Analysis of the ^1^H NMR spectra indicated that derivatives 10–14 did not display the singlets in the 2.5–2.8 ppm range, which are characteristic of the methylsulfanyl groups present in ketene dithioacetals (5–9). As anticipated, compounds 10–14 exhibited signals between 3.1 and 3.7 ppm, corresponding to 4H from CH_2_ groups bonded to N–H, as well as signals between 1.4 and 1.7 ppm, also integrating to 4H, assigned to the methylene groups at positions 5 and 6, completing the diazepine ring.
In the ^13^C NMR spectra of compounds 10–14, signals were observed at 27 ppm for carbons 5 and 6, and at 45 ppm for carbons 4 and 7. Notably, due to the mesomeric effect of the nitrogen lone pair and the resonance of the exocyclic double bond with electron-withdrawing substituents, the signals corresponding to the sp^2^ carbons 2 and 8 are significantly shifted, with carbon 2 appearing in the range of 34–100 ppm and carbon 8 in the range of 162–170 ppm. Complete signal assignments, including those for the R^1^ and R^2^ substituents, are provided in the Supporting Information.

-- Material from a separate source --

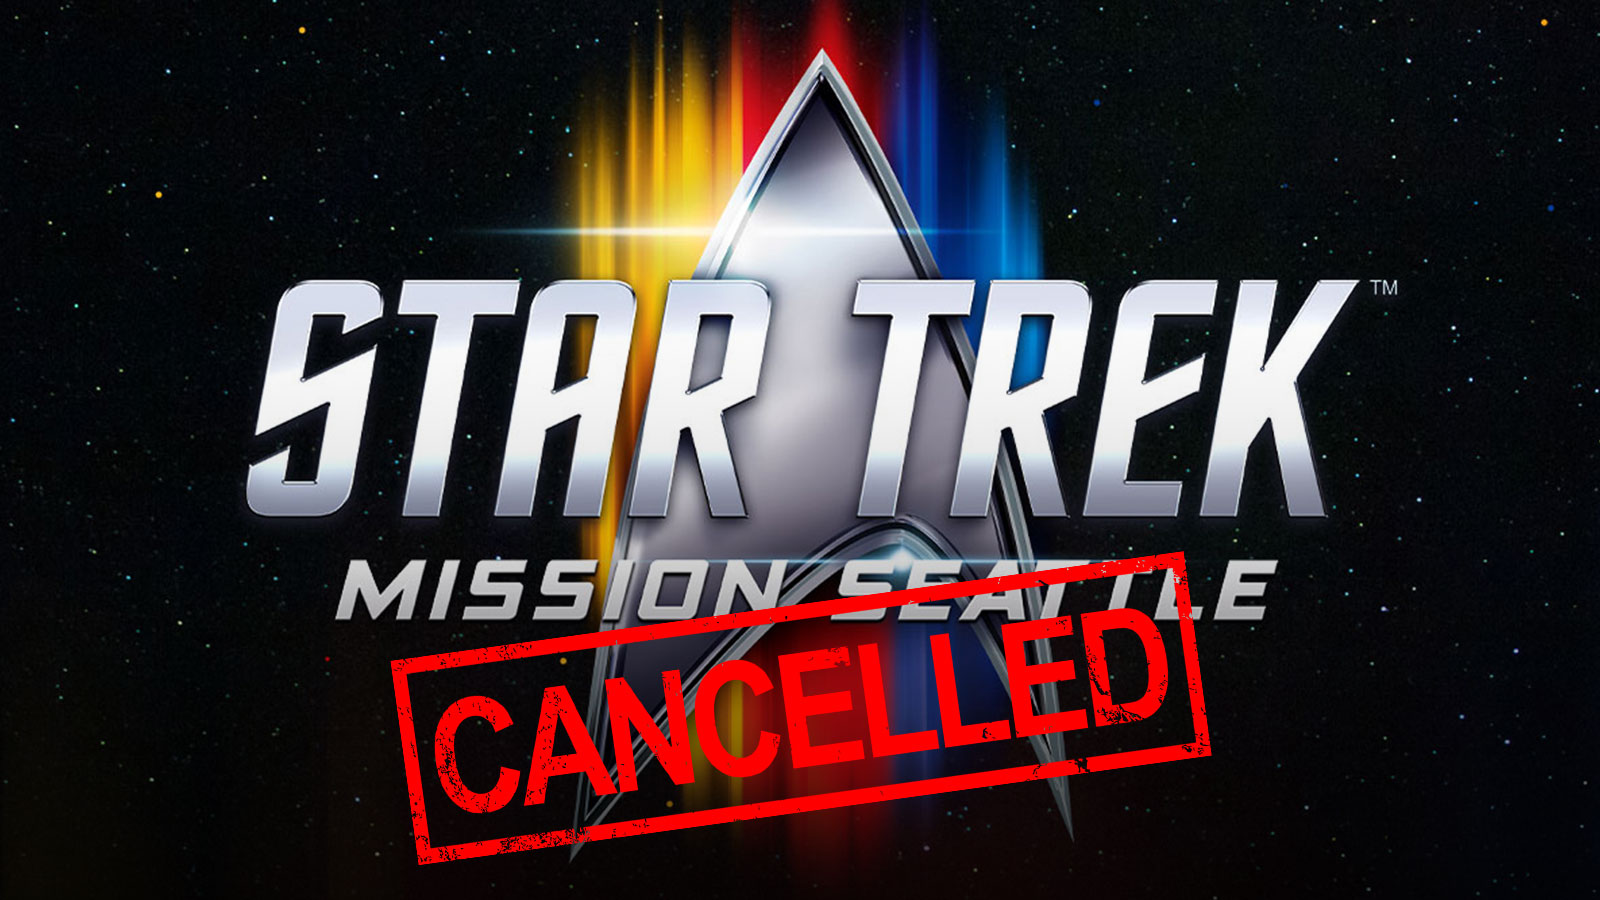 ReedPop’s Star Trek: Mission Seattle convention has been cancelled

Calculated physicochemical parameters for the studied compounds are summarized in Table.
1: Physicochemical Parameters Calculated for Compounds 10–14
Although the calculated data offer valuable insights into the behavior of the inhibitors, a direct correlation between inhibition efficiency and physicochemical parameters could not be established, as the substituents at positions R^1^ and R^2^ vary simultaneously. Nonetheless, the analysis enabled the identification of the most and least promising compounds in terms of inhibitory potential.
The energy gap (ΔE), defined as the difference between the energies of the Frontier molecular orbitals, is closely associated with molecular stability and reactivity. In general, a larger ΔE implies lower chemical reactivity and, consequently, reduced inhibition efficiency.? According to the data presented in Table, compound 13 exhibits the highest ΔE among the analyzed molecules, suggesting it may act as the least effective corrosion inhibitor. In contrast, compound 14, with the lowest ΔE, is expected to demonstrate superior inhibitory performance.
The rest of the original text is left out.